Commit 46a288f
authored
fix(meta-findings): fully resolve AI-native-Systems-Research#242 — ledger floor + eager retry_log + nous reports (AI-native-Systems-Research#243)
* fix(meta-findings): add ledger.json failure floor + missing-artifact detector (AI-native-Systems-Research#242)
The existing nous_asks heuristics all key off retry_log.jsonl or
llm_metrics.jsonl. When a campaign's dispatcher dies before writing
those artifacts (e.g., a single-iteration campaign that fails at the
SDK call), every heuristic short-circuits and meta_findings.json
reports 0/0/0 across all three named streams — even though the
failure is recorded plainly in ledger.json.
Acceptance fixture: paper-burst.post-204-rerun.1779882732/. Its
ledger.json has iter-1 status="FAILED" error="SDK returned error
after 1 attempt(s): None", but retry_log.jsonl, llm_metrics.jsonl,
and runs/iter-1/findings.json are all absent. Pre-fix the campaign's
emitted meta_findings.json had 0 entries across all named streams;
post-fix it surfaces ≥1 nous_asks entry.
Two new pure-Python detectors in orchestrator/meta_findings.py:
- _detect_nous_asks_from_ledger_failures(ledger): one nous_ask per
iterations[*].status == "FAILED" row, kind="dispatch", citing
iter-N and a 120-char-truncated error string.
- _detect_nous_asks_from_missing_artifacts(work_dir, state, ledger):
one nous_ask when state.iteration >= 1 and last_entered_phase
!= "IDLE" but retry_log.jsonl and runs/iter-N/findings.json are
absent. kind="observability".
ledger.json is the right substrate for the failure floor — it's
written by the orchestrator itself, not by the dispatcher subprocess,
so it survives dispatcher-side crashes by construction. Both
detectors degrade silently on missing or malformed input, mirroring
the existing detectors.
Schema unchanged.

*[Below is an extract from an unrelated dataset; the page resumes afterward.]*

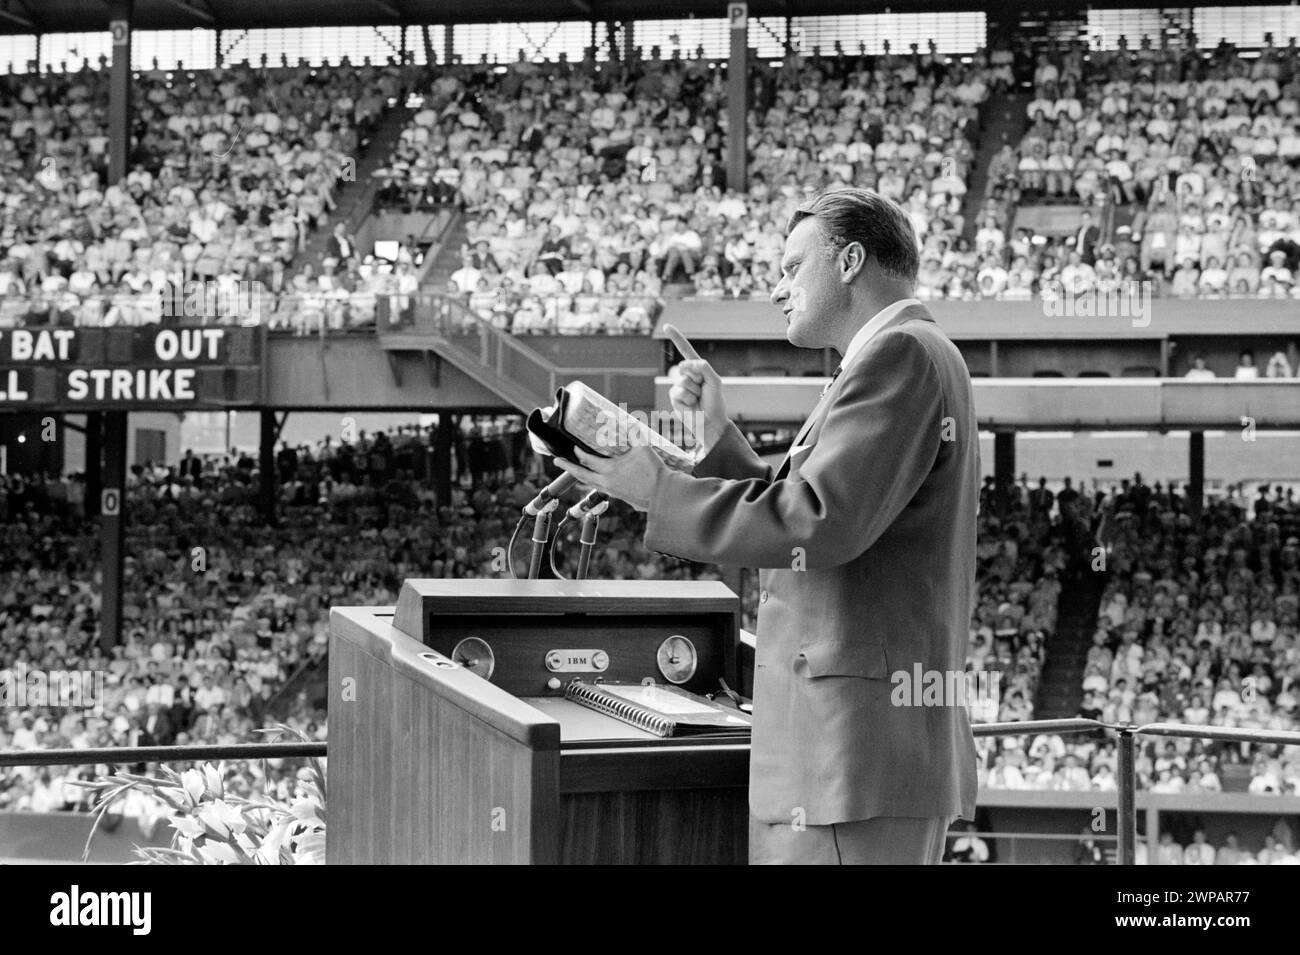 L'évangéliste Billy Graham prêchant à la foule lors d'une croisade, Griffith Stadium, Washington, D.C. John T. Bledsoe, U.S. News & World Report Magazine Photograph Collection, 25 juin 1960 Banque D'Images

Both kinds ("dispatch", "observability") are
already in the meta_findings.schema.json nous_ask enum.
Two adjacent items raised in the issue body are explicitly out of
scope here and will be tracked as separate follow-ups: eager
initialisation of retry_log.jsonl at iteration start, and an
on-demand `nous reports <run_id>` subcommand.
Tests: 13 new (TestLedgerFailureDetection, TestMissingArtifactDetection,
TestPost204RerunAcceptanceFixture). Full suite: 1229 passed, 1 skipped.
Closes AI-native-Systems-Research#242
* fix(meta-findings): add eager retry_log init + nous reports subcommand (AI-native-Systems-Research#242)
Expands the original ledger-floor PR to fully resolve AI-native-Systems-Research#242 by adding
the two follow-ups the issue body called out as adjacent items.
## Eager retry_log.jsonl init at iteration start
orchestrator/iteration.py:setup_work_dir now touches retry_log.jsonl
empty alongside state.json/ledger.json/principles.json. Before this
fix, retry_log.jsonl was created lazily by orchestrator.metrics on
first dispatch failure — meaning a dispatcher-side crash before any
retry left no parseable artifact at all, blinding every retry-log-keyed
heuristic in meta_findings.py to the failure. The eager touch
guarantees downstream tooling always sees a parseable artifact.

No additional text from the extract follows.